BANTEN, BacainD.com – Tangisan seorang ibu pecah di ruang sidang Pengadilan Negeri Serang, Banten, Kamis (20/11/2025), saat hakim membacakan vonis 2 tahun 4 bulan penjara untuk santri senior yang terbukti melakukan kekerasan fisik dan asusila terhadap B (14), santri di Pondok Pesantren Daarul Ishlah.

Putusan ini dianggap terlalu ringan oleh keluarga korban, yang menilai keadilan belum ditegakkan bagi sang anak yang harus menanggung trauma seumur hidup.

Kuasa hukum keluarga korban, Mohammad Hariadi Nasution, SH., MH., CLA., C.Med, menyayangkan keputusan hakim yang menurutnya lebih mengutamakan masa depan pelaku daripada penderitaan korban.

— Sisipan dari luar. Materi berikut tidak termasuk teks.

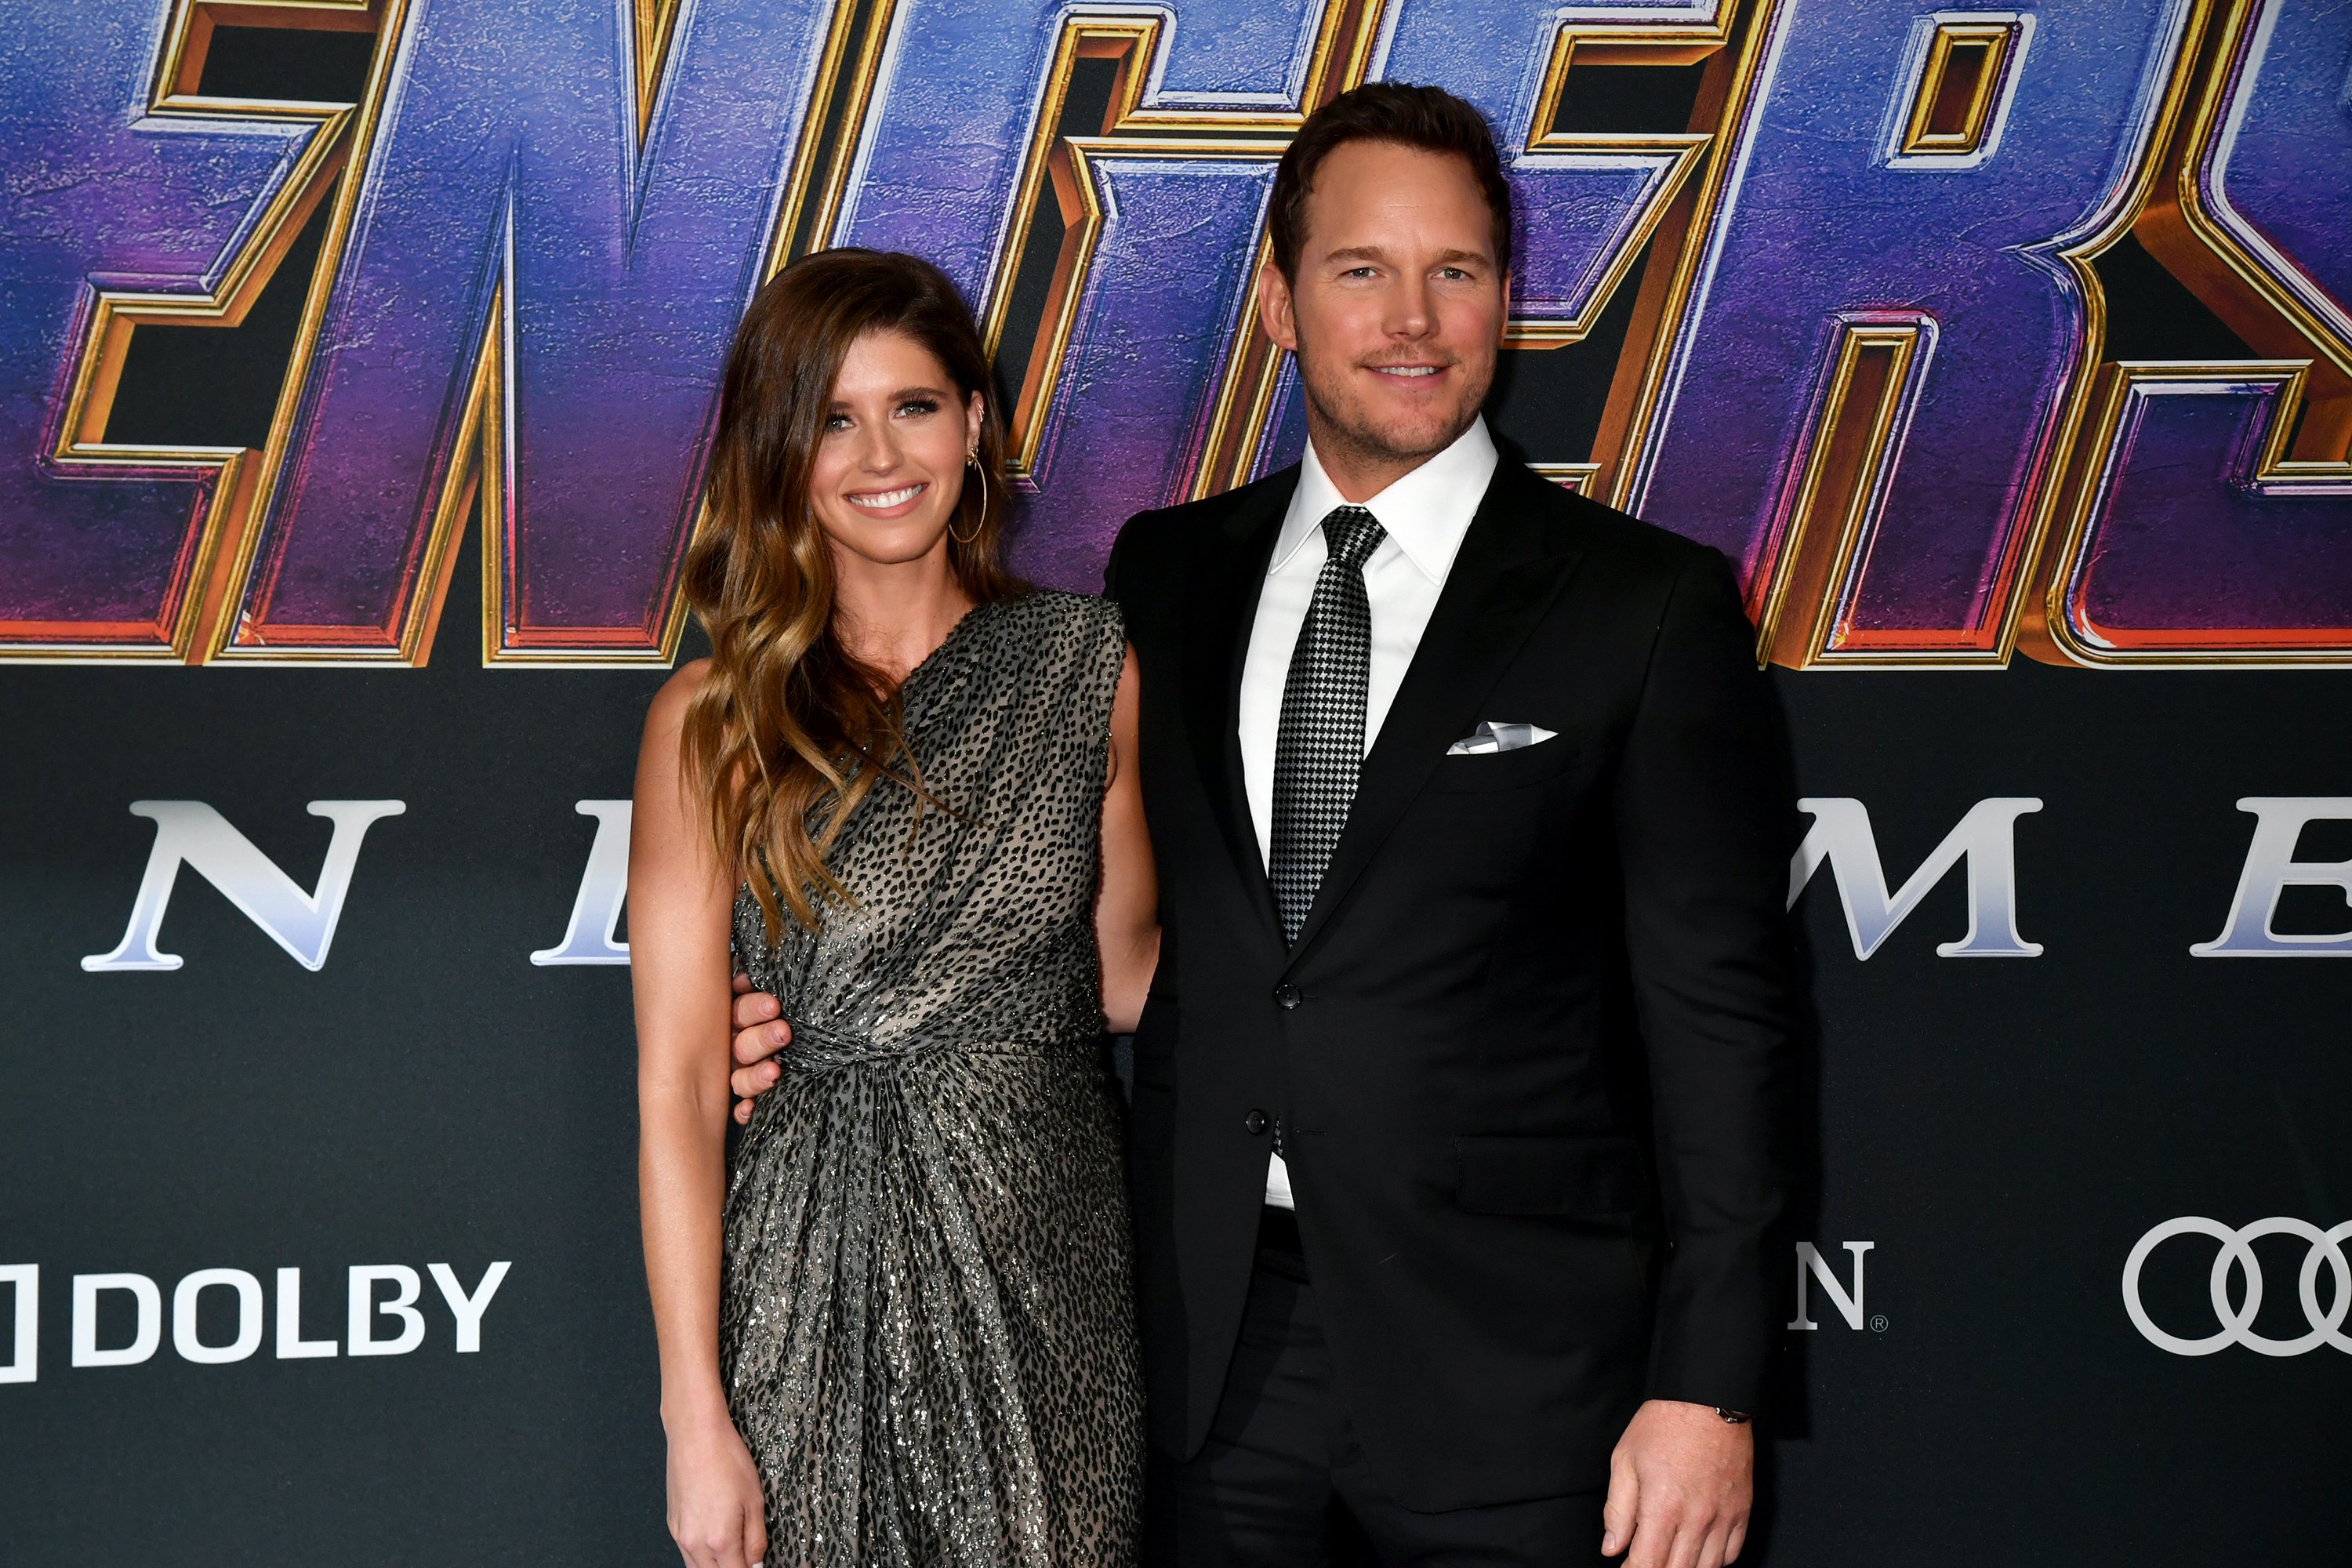 Katherine Schwarzenegger and Chris Pratt attends the World Premiere of Walt Disney Studios Motion Pictures "Avengers: Endgame" at Los Angeles Convention Center on April 22, 2019 in Los Angeles, California. | Source: Getty Images
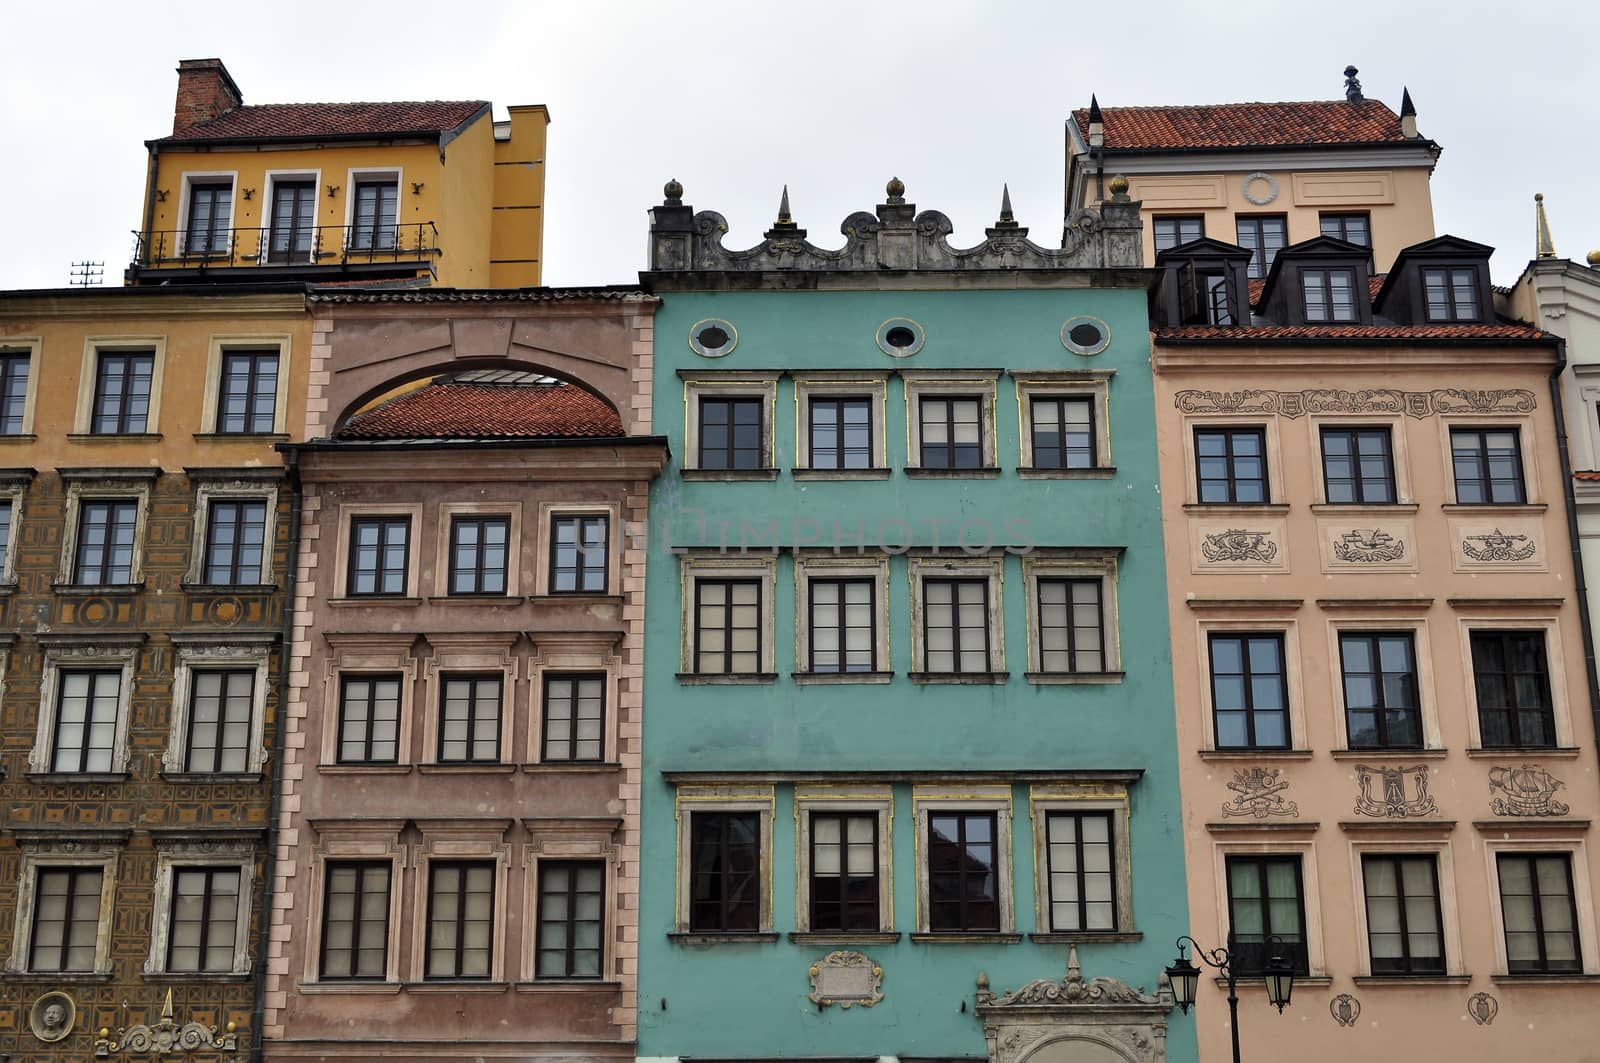 Buildings in the Old Town of Warsaw, Poland.

“Kalau JPU menuntut 3 tahun, hakim memutus 2 tahun 4 bulan. Pertimbangannya terlalu memihak pada masa depan pelaku. Sementara perkembangan psikologis korban, penderitaannya, tidak dipertimbangkan dengan serius,” ujar Hariadi.

Ia menekankan bahwa korban, yang telah mengalami pemaksaan dan penganiayaan berulang, seharusnya mendapatkan perhatian serius dari sistem peradilan.

“Korban ini harus direhabilitasi, harus bangkit lagi secara psikologis dan pendidikan. Kerugiannya bukan sehari dua hari, tapi seumur hidup. Keputusan ini terasa berat sebelah,” tegasnya.

Kekecewaan yang sama dirasakan ibu korban, S (42), yang menuturkan bahwa pondok pesantren sama sekali tidak menunjukkan itikad baik sejak kasus ini mencuat.

“Dari pihak pondok tidak ada etika untuk menemui kami. Saya minta ketemu pimpinan saja tidak pernah direspons. Padahal anak saya mengalami kekerasan di tempat mereka,” ujarnya sambil menahan tangis.

Kasus ini bermula ketika B mengalami serangkaian kekerasan fisik dan pelecehan seksual sejak 2023 oleh beberapa kakak tingkat di pesantren.

Dari kekerasan fisik, cekikan, hingga tindakan asusila, trauma yang dialami korban memaksa B berhenti mondok dan melanjutkan pendidikan melalui program paket.

Upaya klarifikasi ke pesantren pada Januari 2025 menemui jalan buntu, bahkan keterangan pondok kepada Kementerian Agama berbeda dari pengakuan korban.

“Banyak keterangan yang tidak sesuai. Pesantren cenderung menutupi kasus ini,” kata S.

Meski Jaksa menuntut hukuman 3 tahun, putusan hakim yang lebih ringan membuka peluang langkah hukum berikutnya.

Kuasa hukum korban menyatakan keluarga masih mempertimbangkan opsi banding untuk menegakkan keadilan.

“Saya akan terus mencari keadilan untuk anak saya. Saya tidak akan berhenti di sini,” tegas S, suara mantap namun sarat emosi.

Hingga berita ini diturunkan, pihak Pesantren Daarul Ishlah belum memberikan tanggapan.